4. Match context_configuration to your chunking

Once parts are clean and filters are right, decide how much surrounding text to send to the agent with each result. The agent reads the result text, so this choice directly shapes what it can reason about.

The relevant fields on the search call are:

  • sentences_before / sentences_after (preferred)
  • characters_before / characters_after (fallback)
  • start_tag / end_tag to mark the matching part inside the context

A practical default for agent retrieval is 2 sentences before and 2 after with <em> markers around the match. This gives the agent enough surrounding text to disambiguate what the chunk is about without bloating the context window.

Tune from there:

  • If your parts are already long (whole sections), drop the surrounding context to 0 — duplicating it is just tokens.
  • If your parts are tight (one sentence, FAQ entries), bump sentences_before/after to 3–5 so the agent sees the surrounding question or list.
  • For code or structured content, prefer characters_before/after so you don't break on missing sentence terminators.

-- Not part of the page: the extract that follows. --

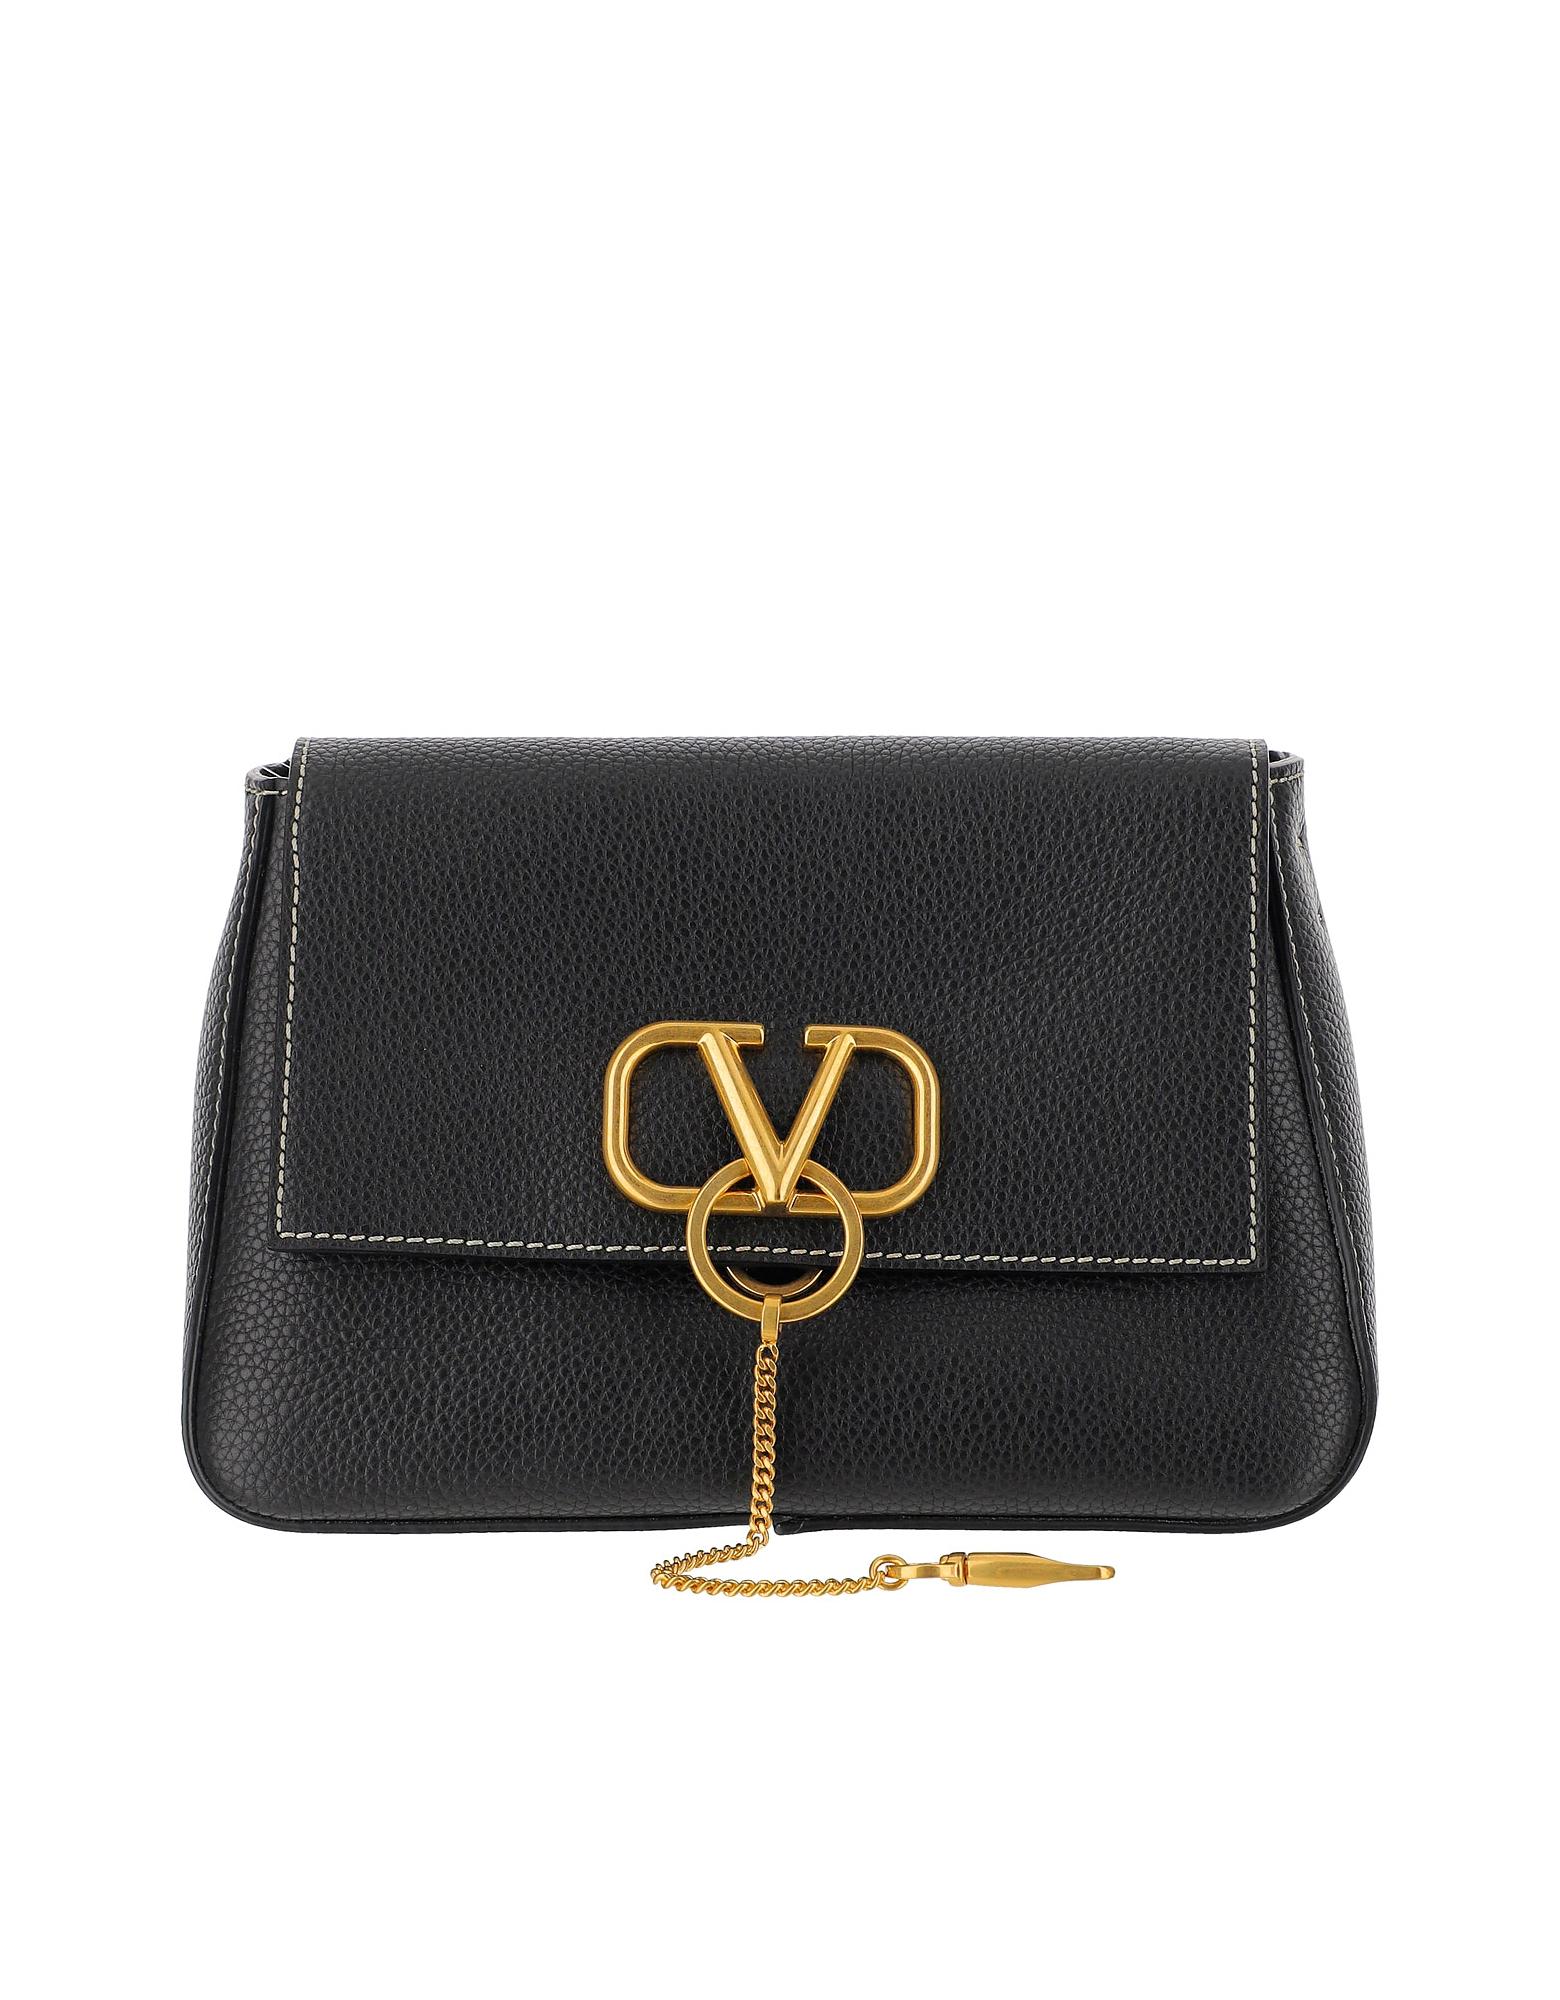 Valentino Designer Handbags, Black Leather VLogo Shoulder Bag

SENSIBLE DEFAULT CONTEXT CONFIGURATION

Code example with json syntax.
1

5. Build a reranker chain

A single reranker is rarely the right answer. The strongest setups use a chain:

  1. Neural reranker with a calibrated cutoff — does the heavy lifting on relevance.
  2. MMR — reduces redundancy so the agent doesn't see five paraphrases of the same paragraph.
  3. Optional UDF — applies business signal (recency, popularity, custom dimensions).

Step 1: Neural reranker with a cutoff

Start with the multilingual neural reranker (customer_reranker / Rerank_Multilingual_v1). Its scores are normalized to roughly 0.0–1.0, which makes a cutoff meaningful — that's not true of raw hybrid scores.

Start at cutoff: 0.5 — that's the value Vectara recommends as a default for the multilingual reranker. Tune from there:

  • Below 0.3: you're letting noise through.
  • Above 0.7: you'll often return zero results on real queries.

Combine cutoff with a generous limit — let the cutoff drop junk, and let the limit cap the absolute count.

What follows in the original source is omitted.